The Daily Herald and The Tribune both had articles about something we almost, sort of, kind of, already knew. AIDS was caused by a virus. They’d discovered it and named it. They’d found it in a laboratory and called it HTLV-III. Now it was definite. It wasn’t just rumors or hints being printed in alternative newspapers; it was mainstream so it was real. And more than that, I guess. It wasn’t just some virus, it was now a specific identifiable virus. And if it was something they co
uld indentify, then it might be something they could cure. As I ate my breakfast, I tried not to be too optimistic. It wasn’t something I could contribute to. I wasn’t a scientist. I was just a guy who figured things out. I needed to put the news aside and focus on what I was doing. But it wasn’t easy.
Hope was every bit as contagious as the virus.
By eleven o’clock I was back on the Federal Plaza begging money and staring people up and down. I positioned myself on a different corner than I’d worked on Friday, and settled in for a long afternoon. I still didn’t expect to find Prince Charles this way, but…well just but. I watched as people walked by in all sizes and shapes, all colors, all kinds of beliefs reflected in their dress, some with crosses, some with T-shirts that proclaimed an affinity for Led Zeplin or Ronald Reagan or The A-Team . Blue suits with red ties were practically popular.
My feet were killing me after an hour. The sidewalk and plaza were made out of some kind of crushed granite that had been mixed with concrete. It was hard to stand on for a long time. I wondered if there was someplace nearby that I could go for a pair of insoles or arch supports. The money flowed in faster than it had on the Friday before. Of course, Friday had been Good Friday, and even though it’s not a Federal holiday it was a day that a lot of people took off. Now they’re back and primed to donate by an Easter sermon.
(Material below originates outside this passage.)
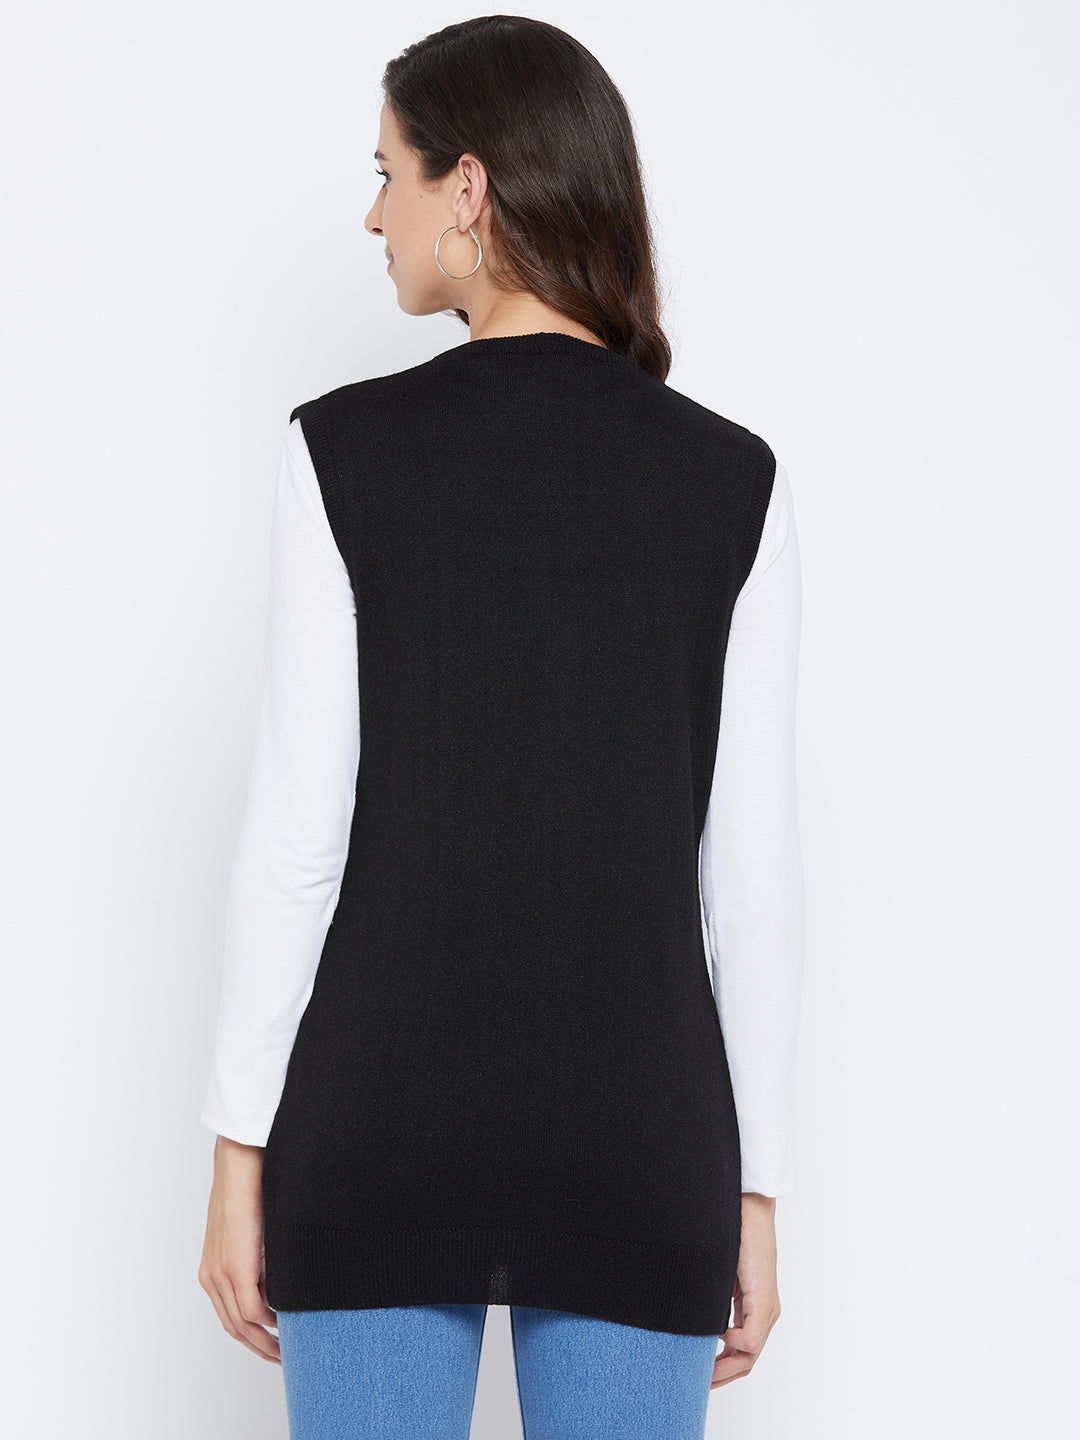 Livfree Women's V-neck Sleeveless Solid Cardigan - Black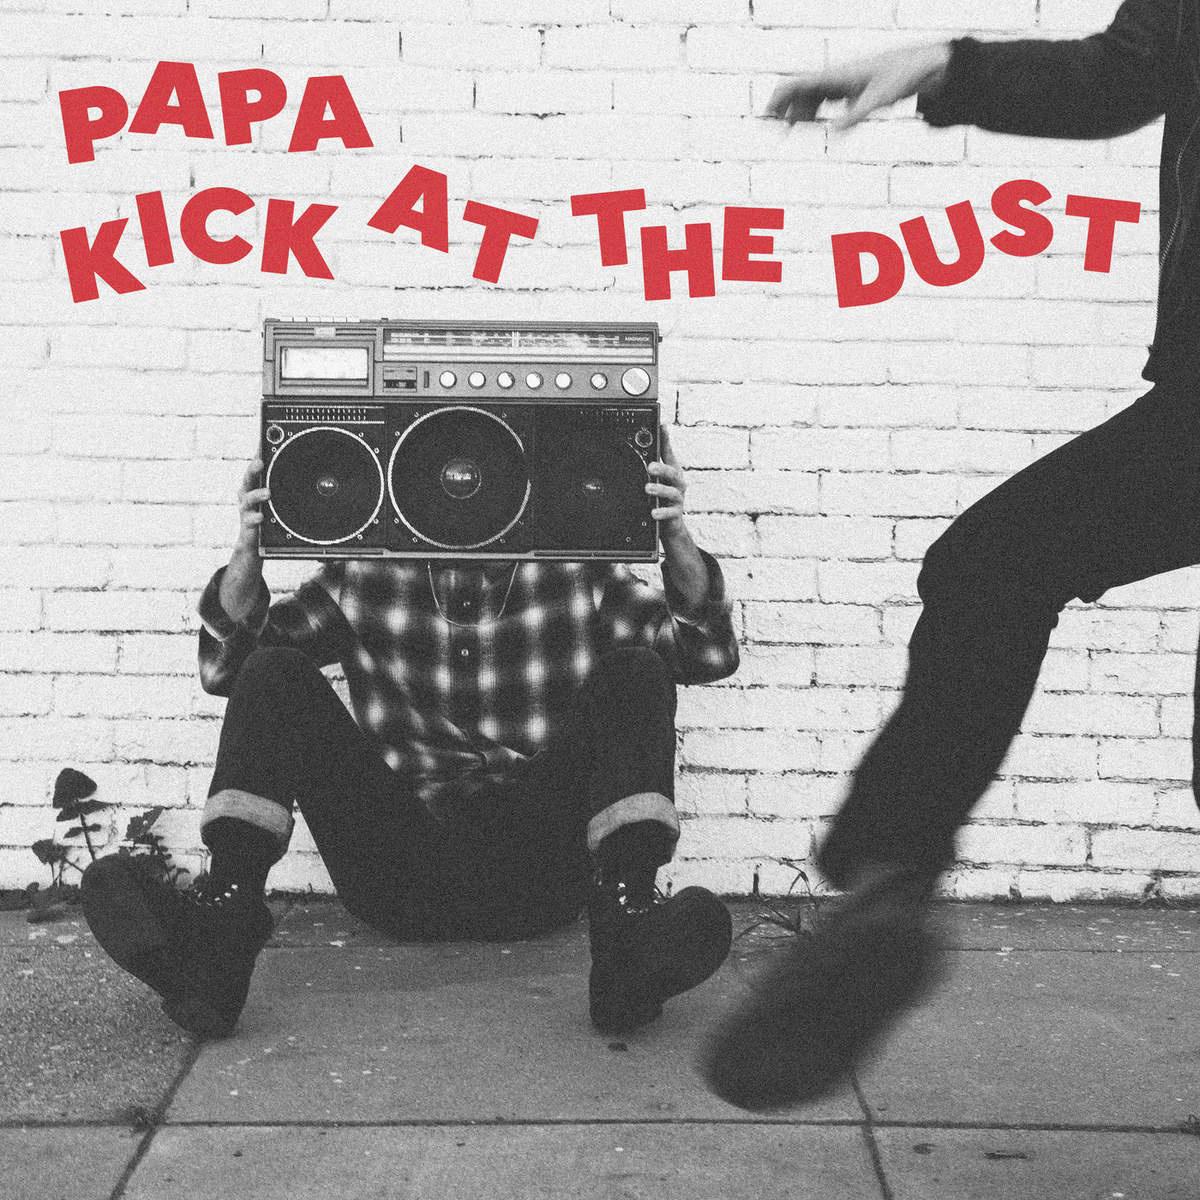 Kick at the Dust

What was I going to do if I saw someone suspicious? I wondered. I should have a plan. I couldn’t exactly throw aside a bucket full of change and run after them. I mean, a priest chasing down a mobster type in the middle of the Loop was almost laughable. I could casually follow someone, but then there was the bucket. No, all I’d be able to do would be observe, make mental notes about appearance and then talk to Jimmy, I suppose. After my phone call with Connors, I doubted he’d let me come down and look at any of the books they had full of known Outfit members. For the second time, I thought I might need one of those super tiny cameras they used in spy movies. Well, I needed one twice a year and that made it hard to justify the cost. That, and the fact that I giggled at the idea of someone chasing after me for the microfilm.